E’ stato a quel punto che i residenti hanno contattato la responsabile Leal del territorio di Ferrara, che a sua volta ha telefonato personalmente al 112 e le sarebbe stato risposto che erano già a conoscenza del problema e che chiamando stava facendo un’azione di disturbo. “Il giorno successivo al folle massacro – continua Stefania Corradini – su quel campo regnava un silenzio spettrale. Unica forma di vita rimasta un piccione riverso nel fossato, lasciato agonizzante in mezzo alla sterpaglia, incapace di volare e con una zampa amputata in cui era ben visibile un’ustione da arma da fuoco. Volatile non gradito ai palati sopraffini dei cacciatori abituati a cibarsi di fagiani, pernici e anatre selvatiche. Questa è stata la sua salvezza. E’ stato raccolto, portato al sicuro e curato. Disseminati nel campo arato erano presenti bossoli di ogni grandezza, materiale e colore che danno il loro grave contributo in termini di inquinamento ambientale da piombo e sostanze plastiche, considerando che in quel terreno verranno coltivati cereali e ortaggi destinati alla nostra alimentazione”.

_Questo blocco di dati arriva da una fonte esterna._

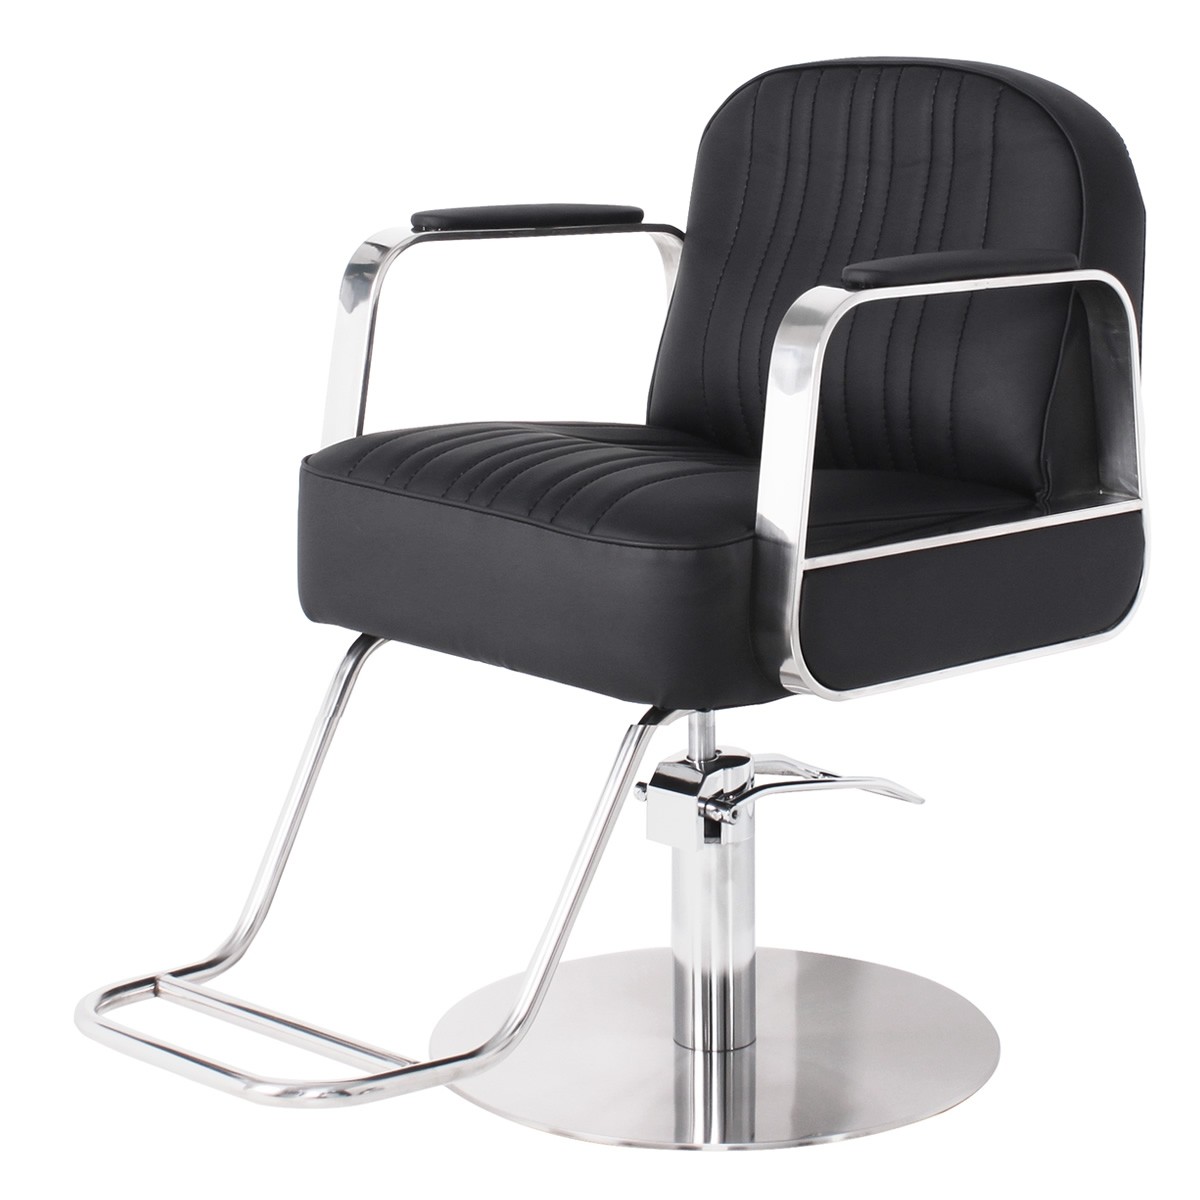  "OSAKA" Hair Styling Chair

Stefania Corradini prosegue: “Il fatto che dei cittadini, inascoltati da chi sarebbe preposto alla loro incolumità e sicurezza, si rivolgano a una associazione che difende i diritti degli animali, la dice lunga di come le doppiette siano estremamente privilegiate e tutelate rispetto ai comuni cittadini e di come i controlli siano praticamente inesistenti”. “Se fosse intervenuto un guardiacaccia – sostiene Corradini – avrebbe potuto procedere ad una verifica delle licenze al porto di fucile, avrebbe potuto prendere visione diretta della direzione degli spari”.